Ukinzani [ou-keen-zah-knee] My Symbol of Identity |
I have spent a lot of my life attempting to function on solely one level of my identity and it has sadly denied me from entirely experiencing myself. In intentionally refusing select aspects of my identity to fulfill the needs of another, I have been lying to myself and instilling a sense of falsehood in my existence and longing for who I want to be. I have come to learn that sometimes the contraction is intentional, for safety purposes. In hopes of blending in and actively avoiding confrontation and conversations which I did not at the time have the language, supports, courage or space to engage in. But that false sense of safety has been no compensation for the shame I have carried for years around my race, ethnicity and universality.
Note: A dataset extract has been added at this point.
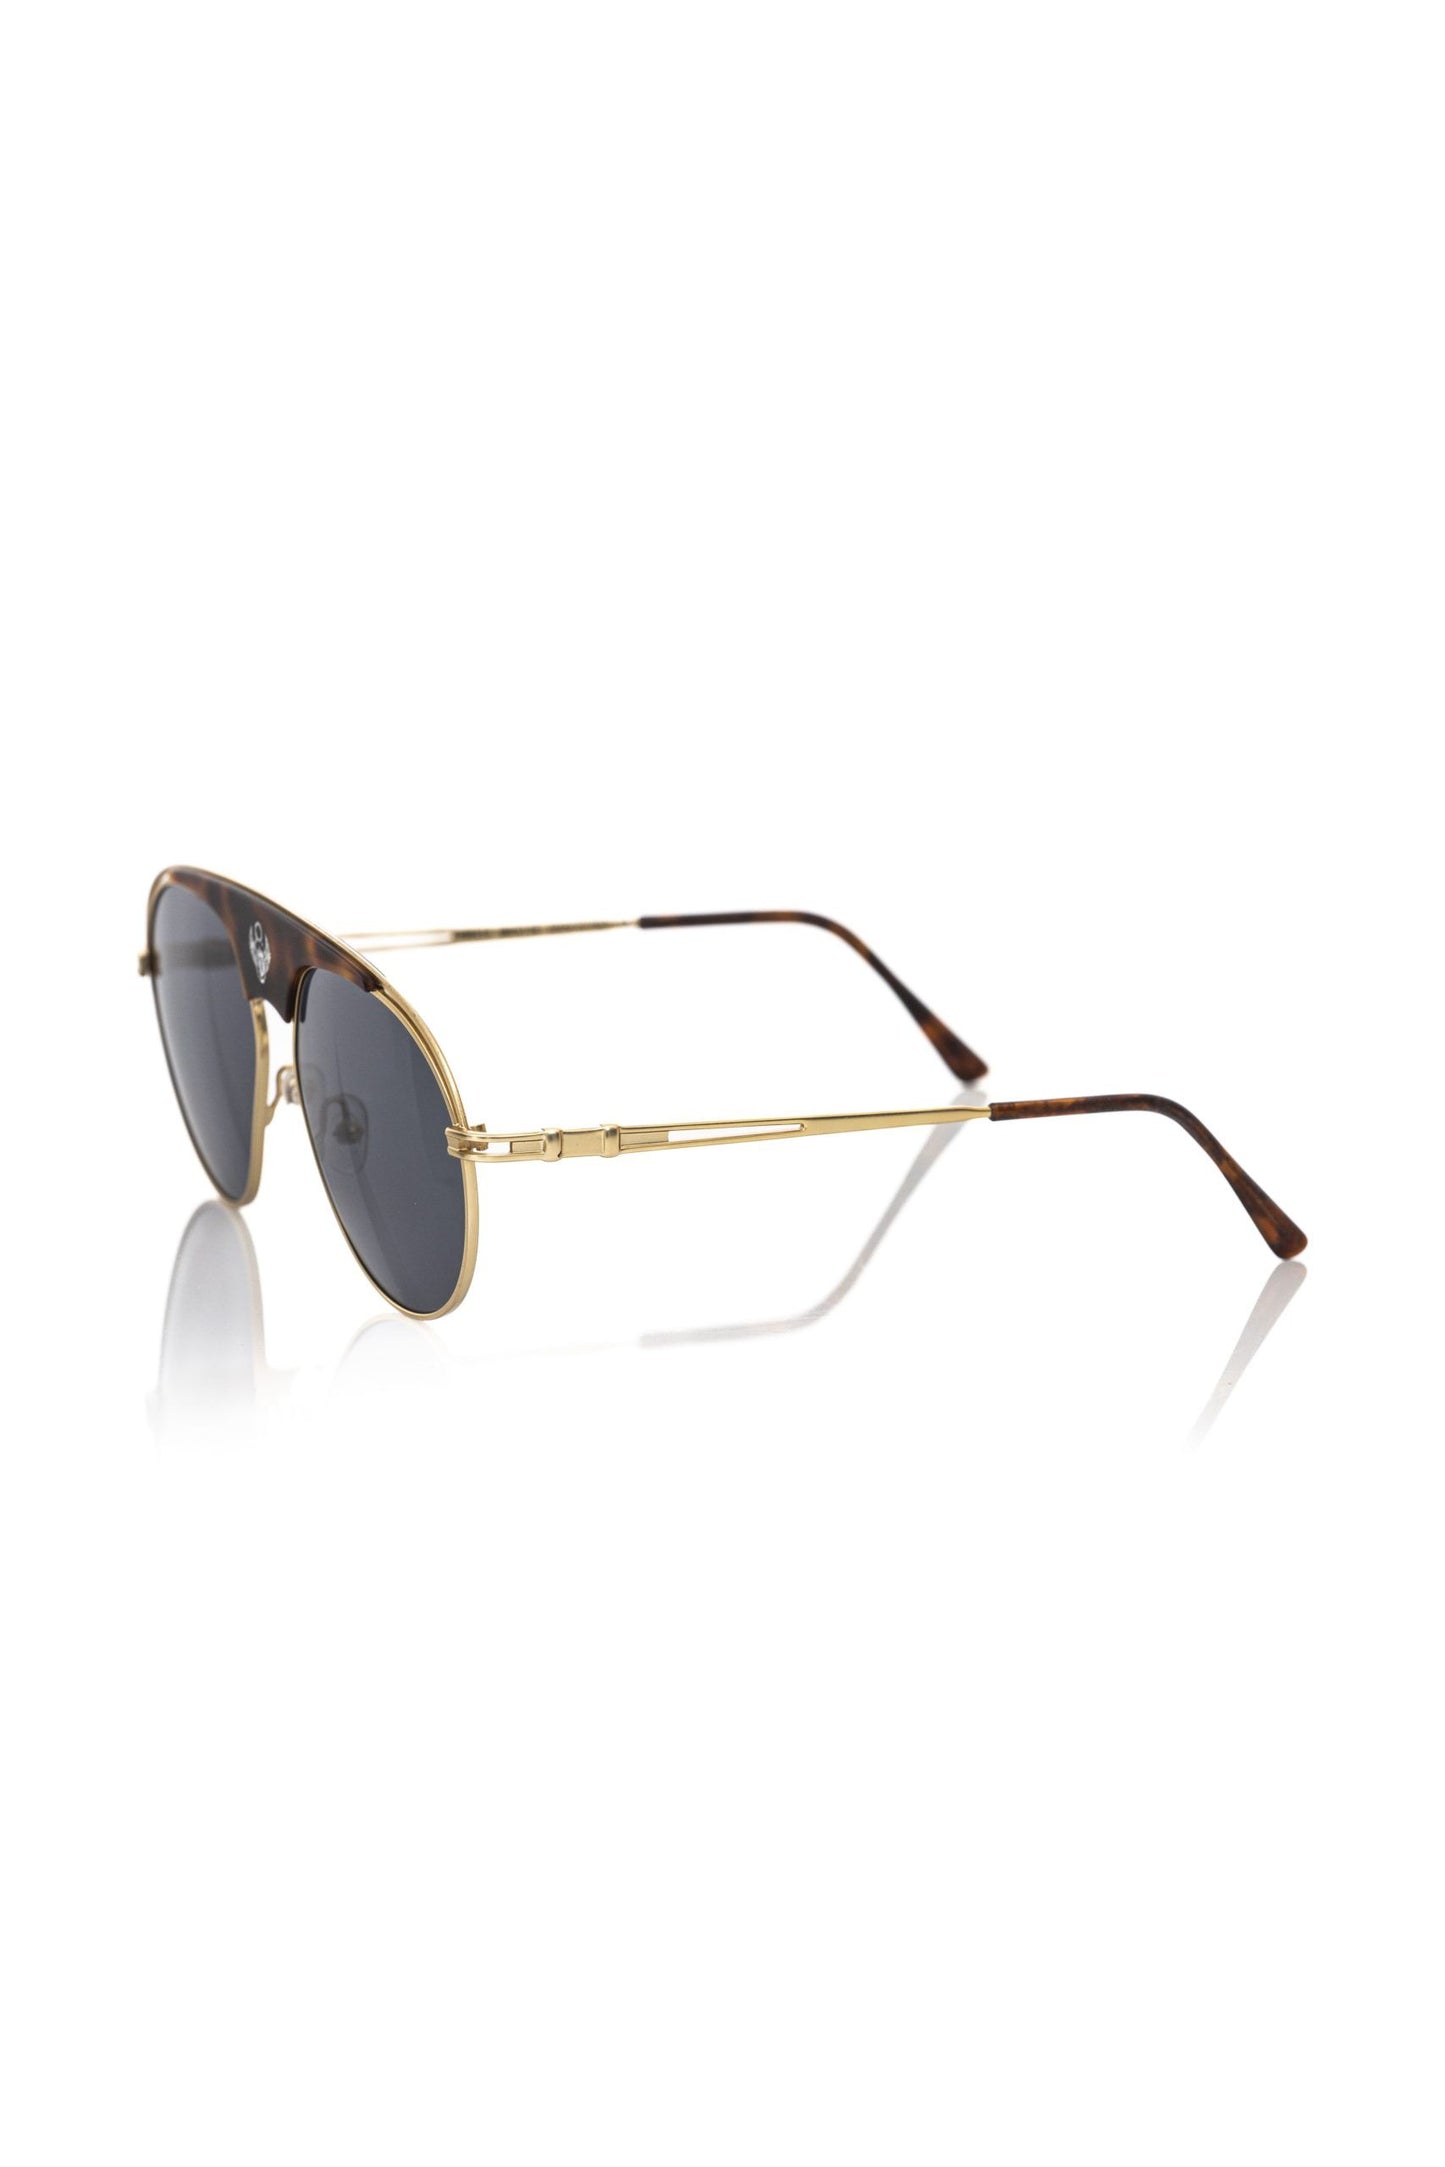 Frankie Morello Elegant Shield Sunglasses with Havana Accent

So let us start from the begin assuming the chronological order. I grew up in a white town, and other than my immediate and extended family my everyday life consisted of mostly in engaging with white people.
I remember being at school playing in the school yard and a kid stepped to me and said 'hey, do you know what a ABK is?' I said 'No..' she replied 'an African Butt Kisser!' so I told on the witch, and the teacher made us play together. The threat and discomfort of white people in addressing racism coupled with the ease of brushing it off because we are children, as many other encounters of isms it went unaddressed.
I remember always feeling so angry when other classmates assumed poverty with my ethnicity, and at age 10 having to carry the onus of challenging that alone without the support from teachers or peers.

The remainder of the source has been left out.